ヘビースモーカーの田中さんはタバコを我慢し、なけなしの3万円を投じた。当時は仮想通貨全体が上昇基調。次第に、田中さんのギャンブル魂に火がついてきた。

「投資額が3万円じゃ儲かったとしてたかが知れています。そこで消費者金融からも50万円を借り、高騰していたビットコインキャッシュ(※)に全資産を投じました」

しかし、その後ビットコインキャッシュは大暴落。借りたカネが返せなくなると焦った田中さんは、損切り(損失額の拡大を避けるため、ある程度の損失を前提に売ること)を決意。12万円の損失となった。
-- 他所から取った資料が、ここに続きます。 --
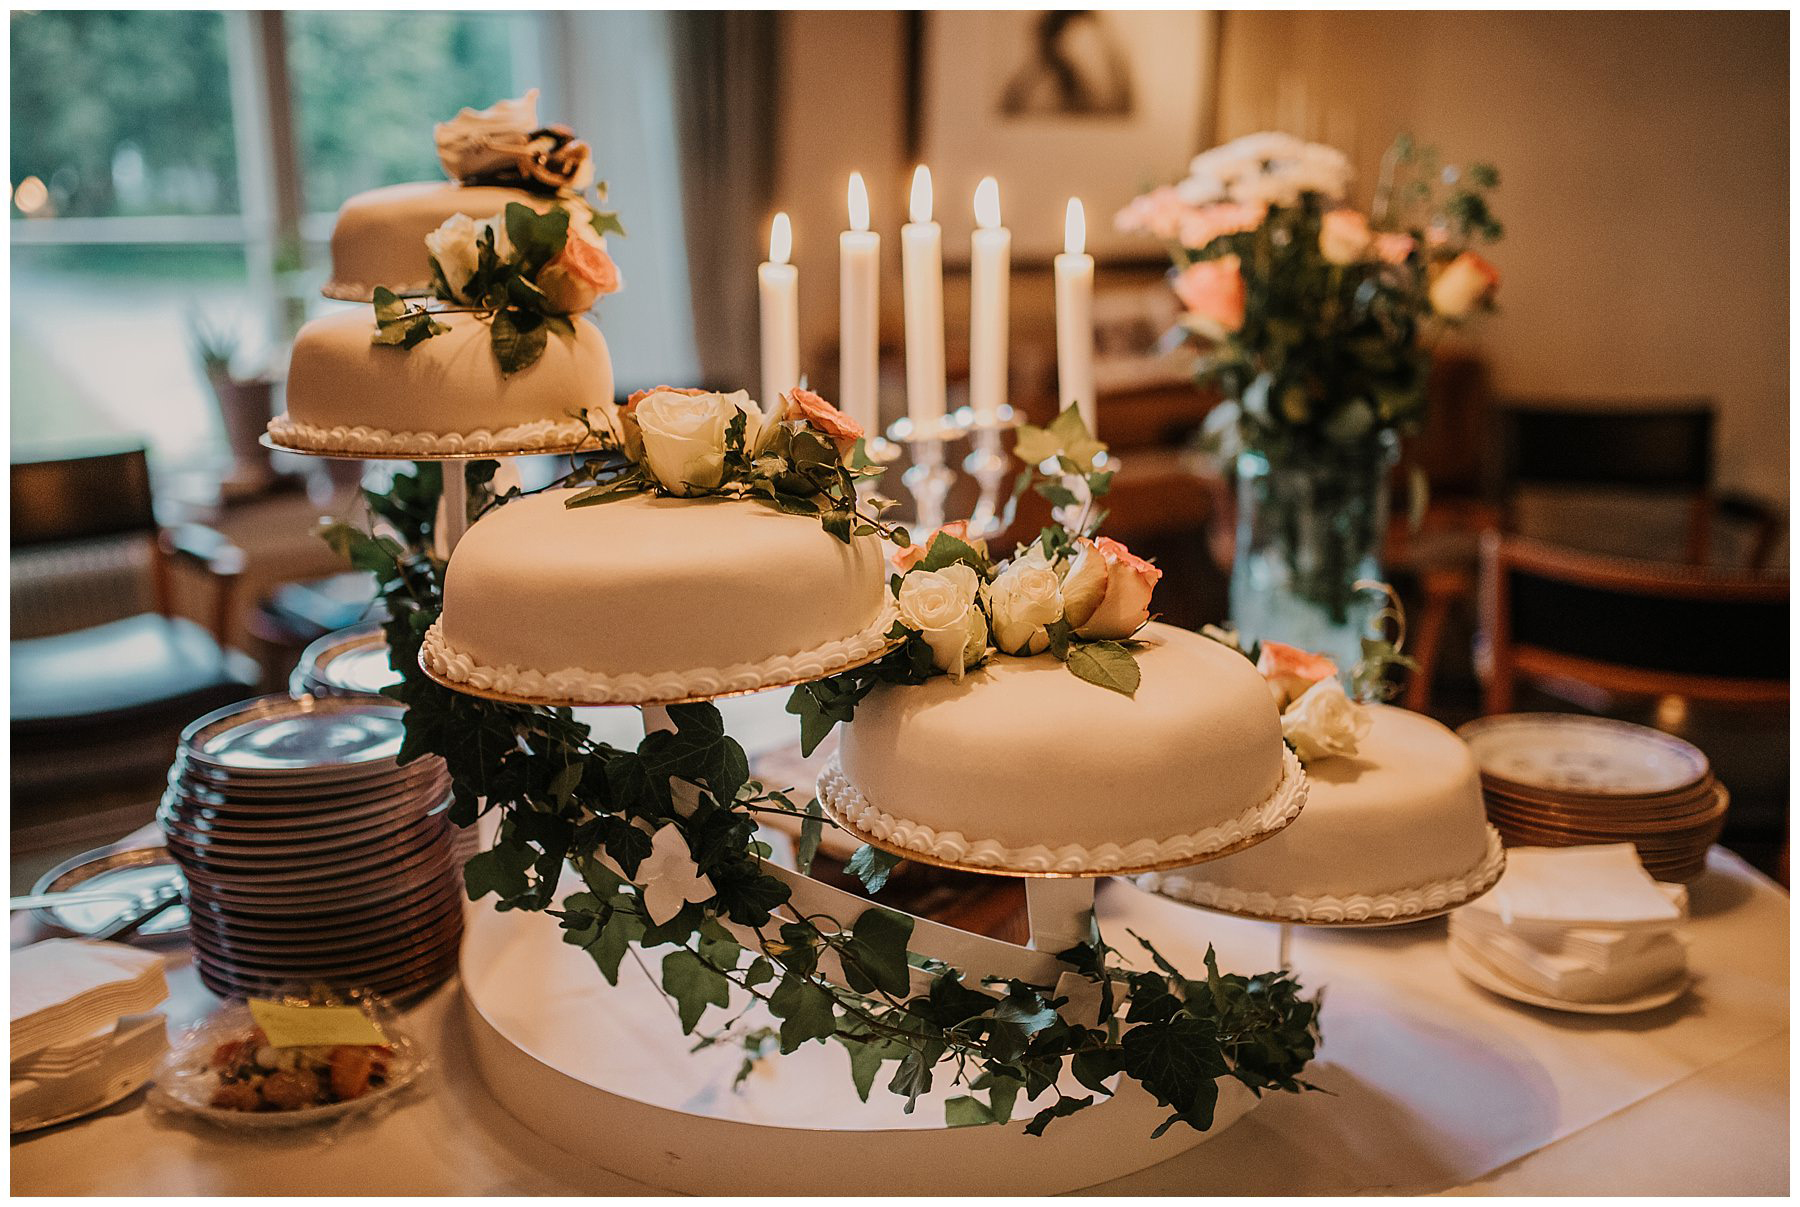 Bröllopstårta med blommor på Rosersbergs slott
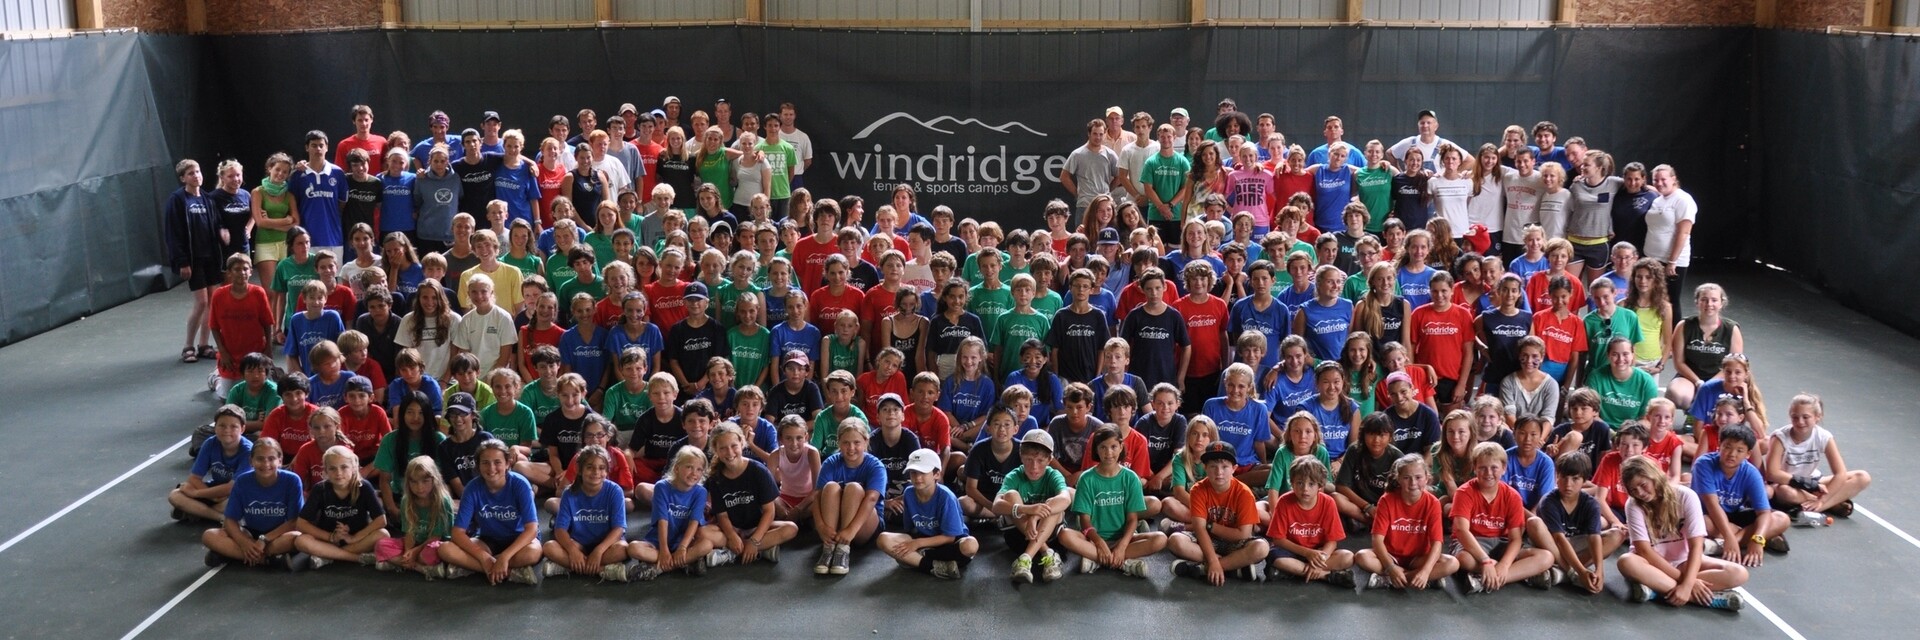 Windridge staff and students large group photo

「『絶対に回収してやる』と、調べたら、ザイフという仮想通貨取引所が発行するザイフトークン(ZAIF)がアツいと感じました。私の見立て通り、購入当時1ZAIFは約0.13円だったのがすぐに約2.5円に化けました。これはガチホ(長期保有を意味するネットスラング)するしかないと確信しました」

田中さんのようなザイフトークンに期待していた人をネットでは「ザイファー」と呼んだ。田中さんはツイッター上で有名なザイファーとして、同仮想通貨の普及を目指した。

「みんなが買えばザイフトークンの取引量が増える。相場を上げていくために毎日情報をツイートしました」

田中さんのツイッターアカウント「@PON_PON_SAN」。哀れに思ったファンから仮想通貨を寄付してもらうことも。アカウントに関連したグッズの販売も始めた。

※2017年8月にビットコインから分裂してできた、ビットコインとは別の仮想通貨銘柄。